« Grâce et dénuement », Alice Ferney, Actes Sud, 1997


Un ravissement!

ferney

Je me suis enfin plongée dans l’univers romanesque d’Alice Ferney avec ce récit consacré au monde des gitans, dont on parle tant sans toujours le connaître.
Le roman s’ouvre sur un incipit flamboyant: « Rares sont les Gitans qui acceptent d’être tenus pour pauvres, et nombreux pourtant ceux qui le sont. Ainsi en allait-il des fils de la vieille Angéline. Ils ne possédaient que leur caravane et leur sang. Mais c’était un sang jeune qui flambait sous la peau, un flux pourpre de vitalité qui avait séduit les femmes et engendré sans compter. »
Alice Ferney évoque d’abord les camps en général et la difficulté pour ces familles de trouver un endroit où se poser.
« Les décharges et les terrains vagues perçaient un paysage de pavillons et de logements sociaux. »
Délogés par la police d’un campement à l’est de la ville, Angéline et les siens trouvent refuge un peu plus loin dans le curieux potager qu’une institutrice à la retraite refuse de vendre à la mairie. « Ils avaient l’habitude de stationner là où on l’interdit. »
Entourée de ses cinq fils, de quatre brus et de petits enfants, Angéline fait face au dénuement et aux épreuves tut en sachant profiter des petits bonheurs si simples qu’on pourrait ne plus les considérer.
« C’était une tribu: personne n’était jamais seul et chacun se mêlait des autres. »
Le personnage de cette matrone, » louve protectrice et nourricière », est l’occasion d’un beau portrait de femme.

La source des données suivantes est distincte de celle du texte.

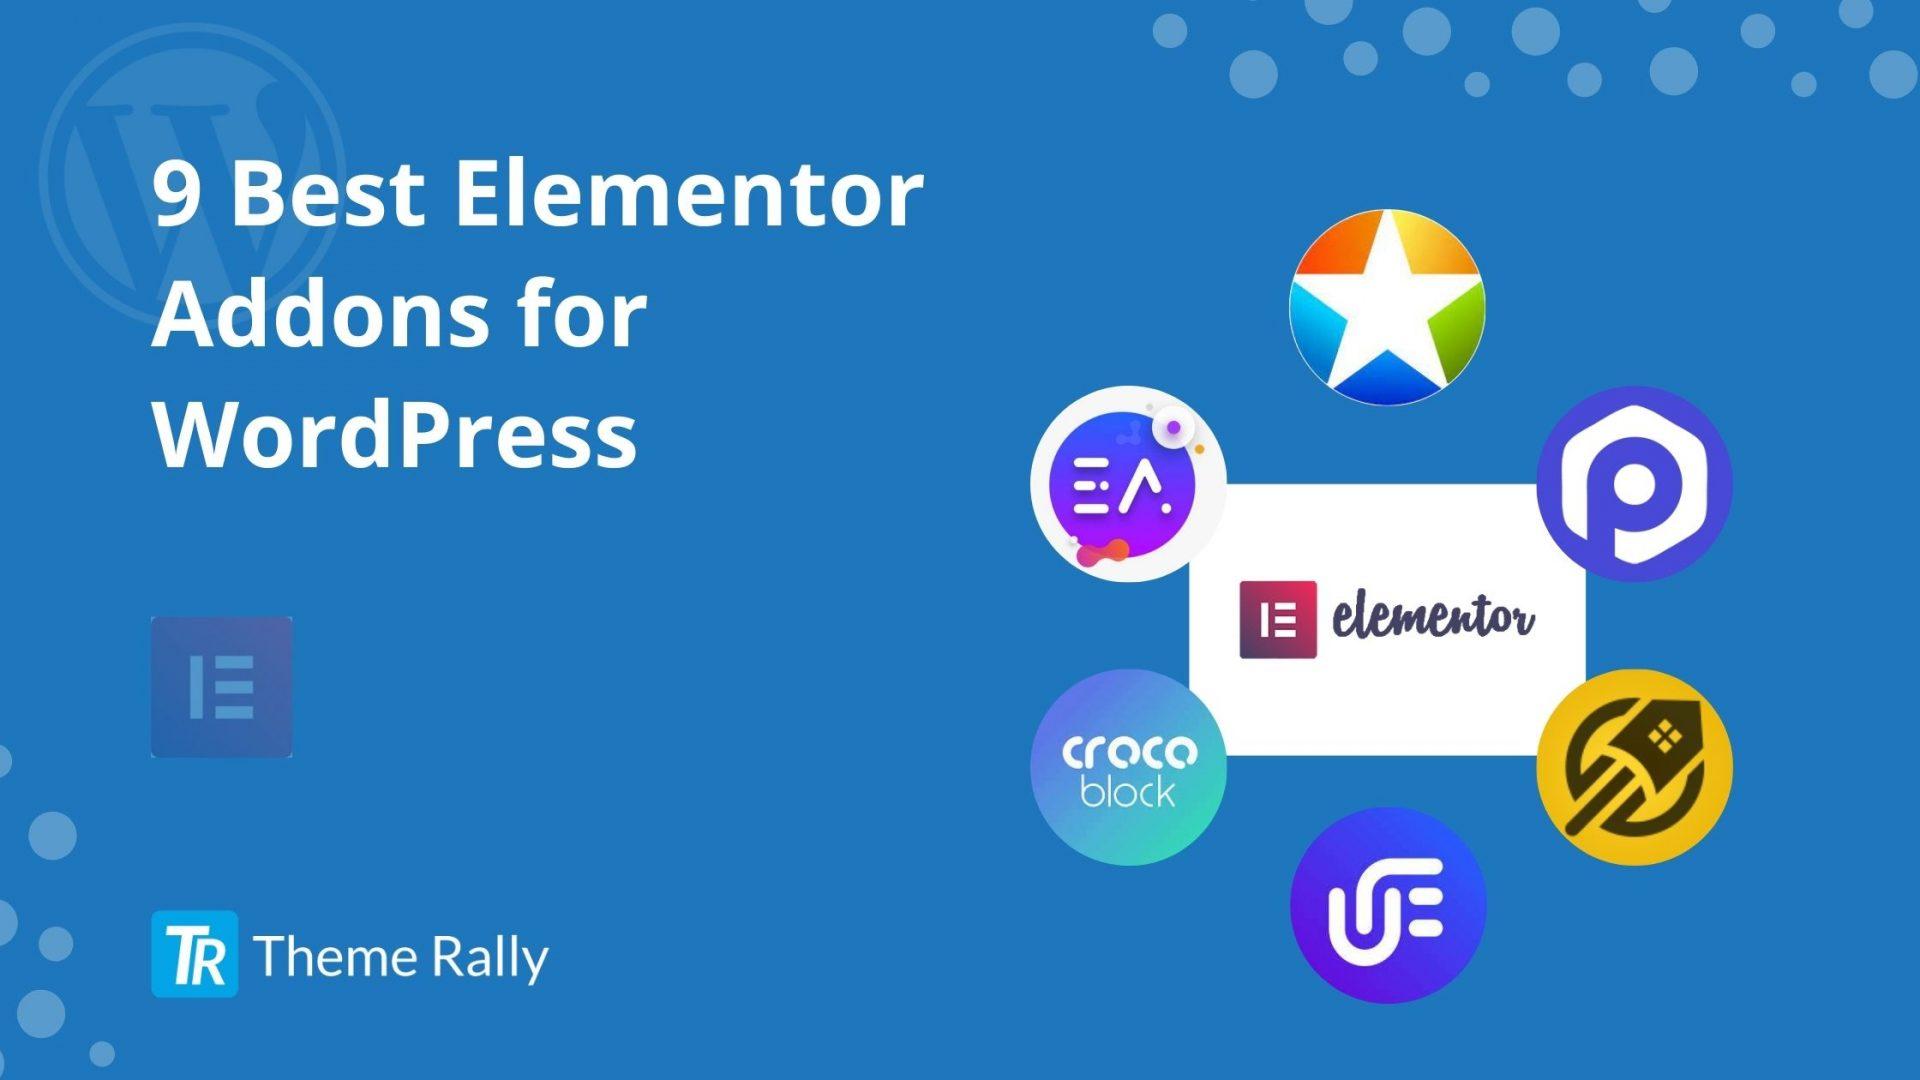 9 Best Elementor Addons for WordPress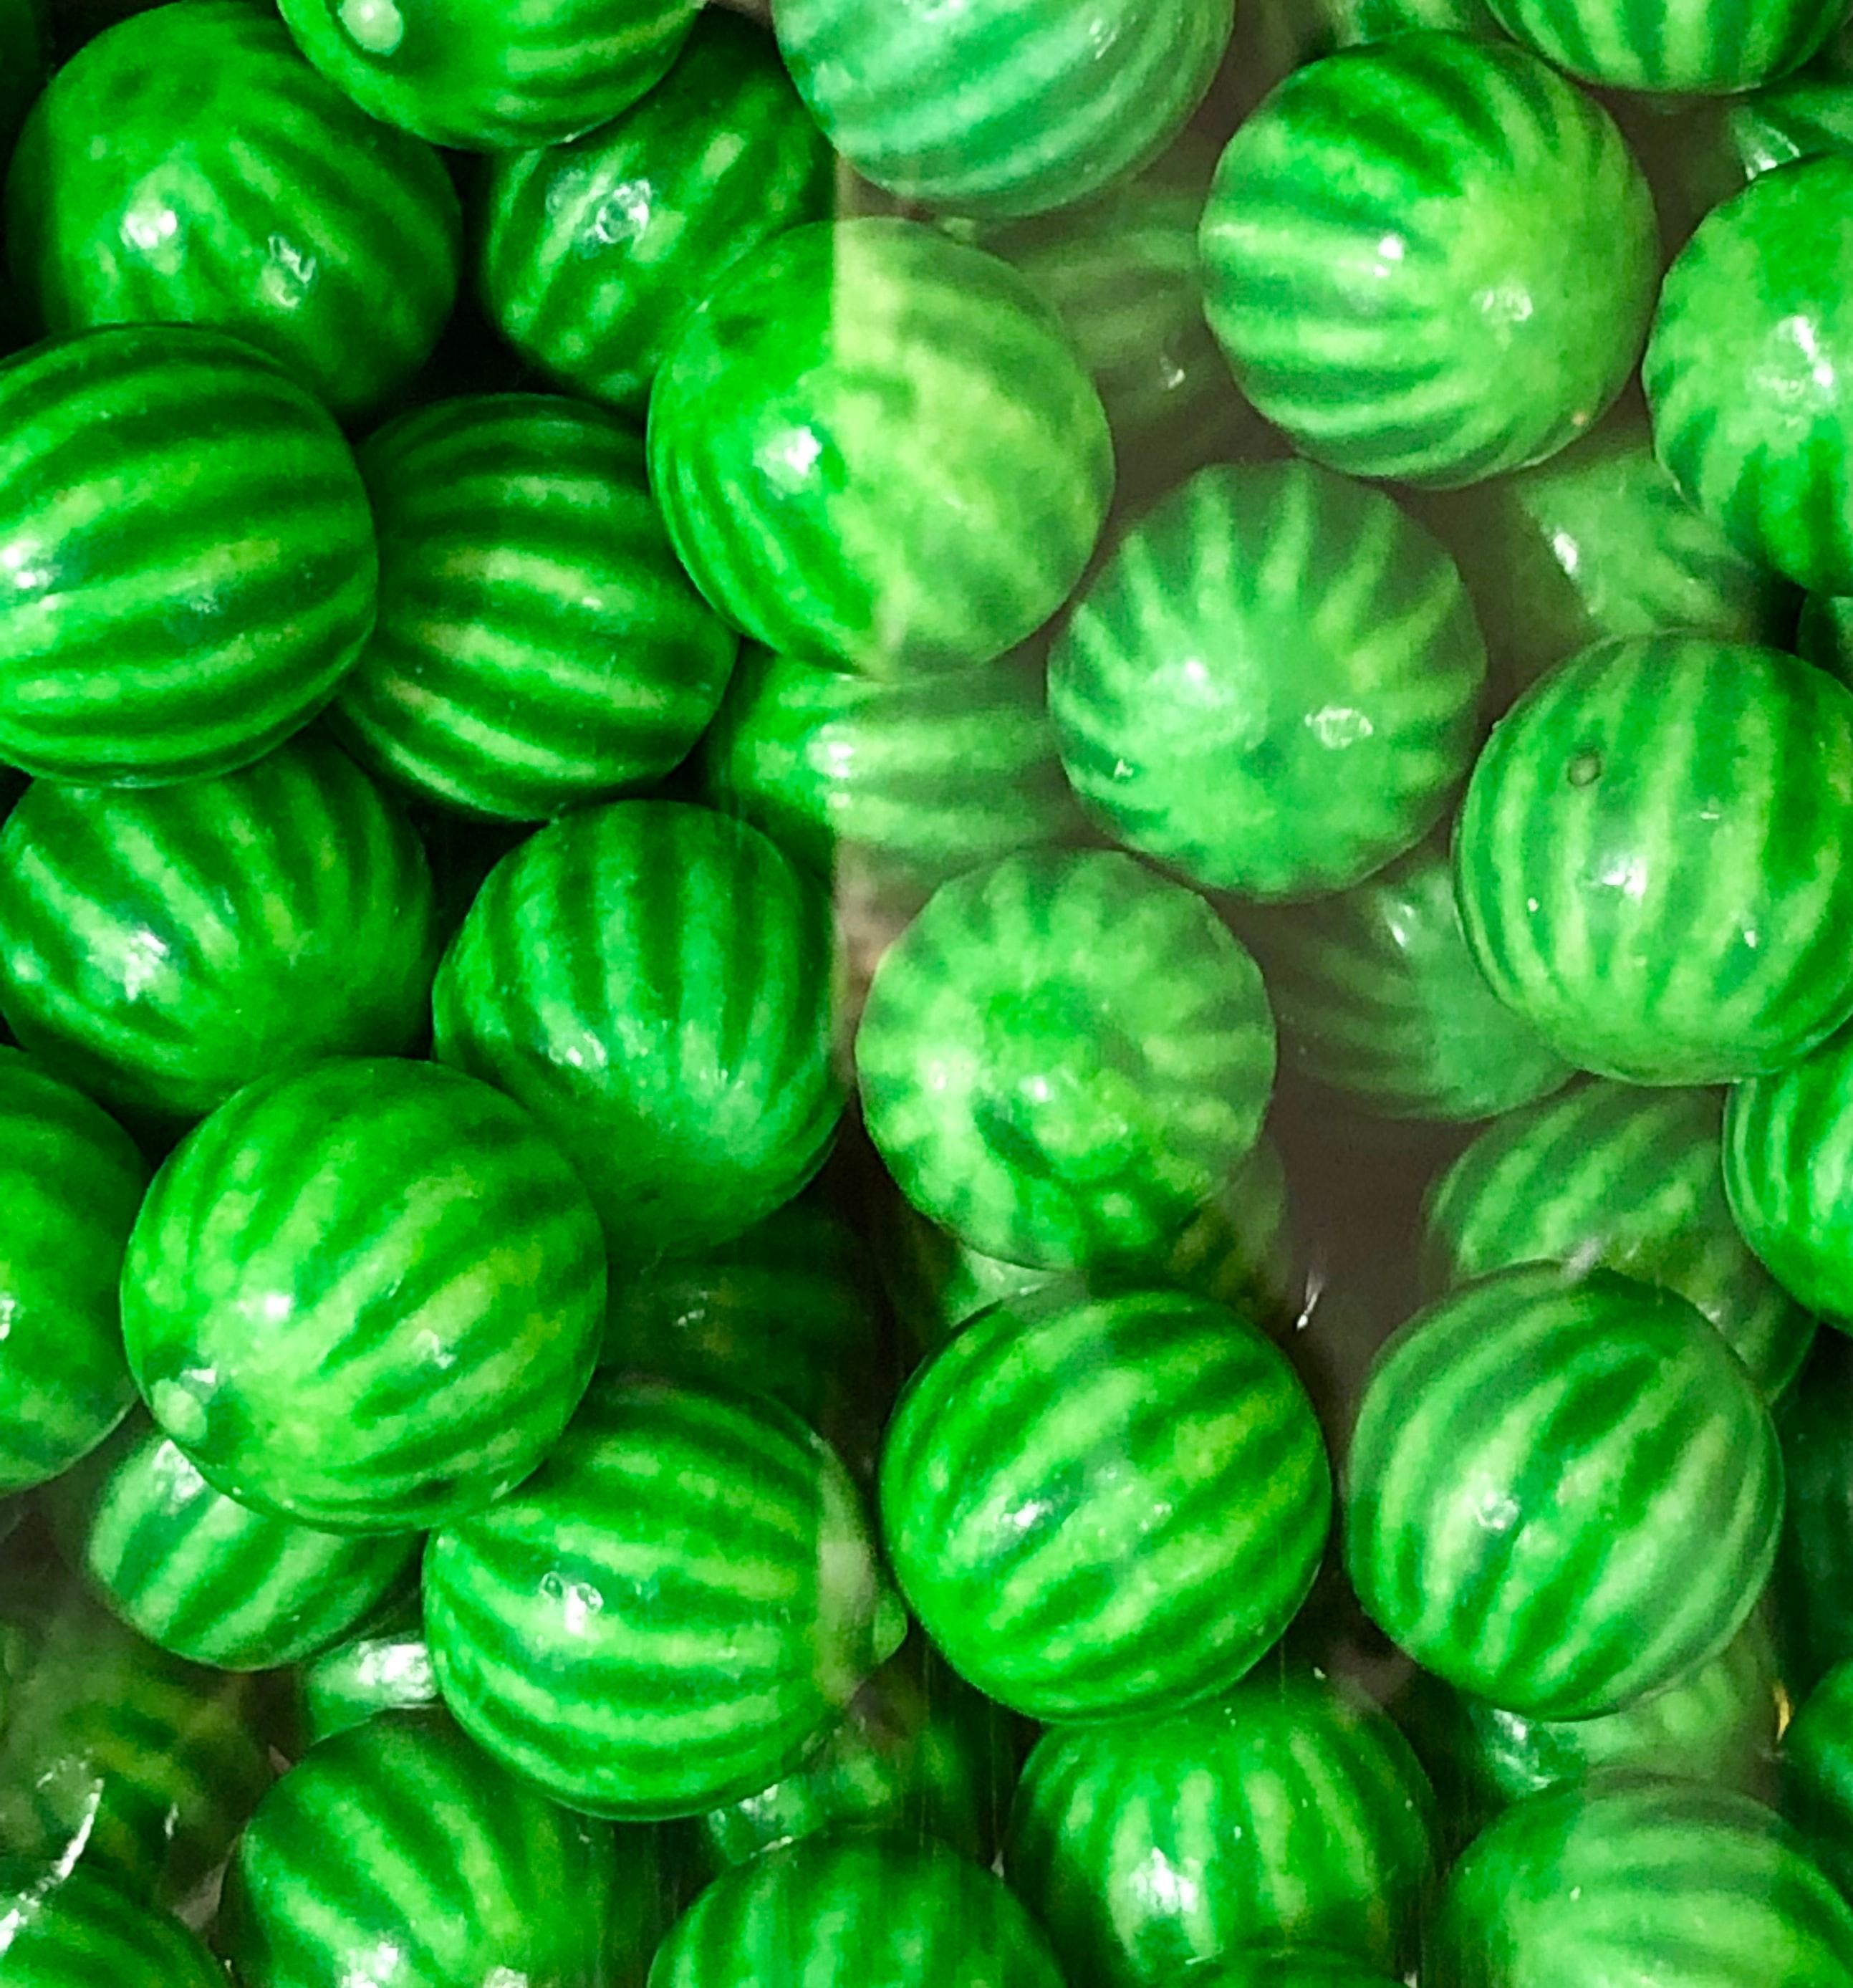 Melon/june-gathercole-5XZQFsJMXQY-unsplash.jpg

Au-delà, l’auteure évoque le problème de la sédentarisation progressive, de l’évolution économique, de la perte de la vannerie par exemple, autant de facteurs qui mettent leur subsistance en péril.
Leur petite vie s’organise tant bien que mal sur ce nouveau bout de terre. Certains naissent, d’autres meurent, l’un flirte avec la folie, l’autre avec le découragement. Les enfants, abandonnés à la liberté, goûtent autant qu’il est possible les joies d’une enfance qui n’a rien d’insouciante. Ici ou ailleurs rien n’est voué au changement sauf lorsqu’Esther Duvaux, poussée par un élan généreux, se propose de leur faire la lecture. Cette relation inattendue, brillamment narré par Alice Ferney, n’est pas sans rappeler un certain renard cher au Petit Prince. Il est lent le temps de l’apprivoisement, mais Esther devient la Gadjé et partage chaque fois un peu plus leur univers. Elle noue une relation particulière avec les enfants, mais avec les femmes aussi dans ce milieu où les sentiments s’expriment à l’état brut.
Plusieurs fil se croisent dans ce roman sans concession: le lien qui se crée par le biais de la lecture, la relation respectueuse qu’entretient Esther avec ces êtres qu’elle évite de juger, le cordon qui relie encore Angéline à ses fils, l’amour et la famille aussi. On sa passionne pour les personnages tandis que la langue d’Alice Ferney, poétique et puissante, nous enchante.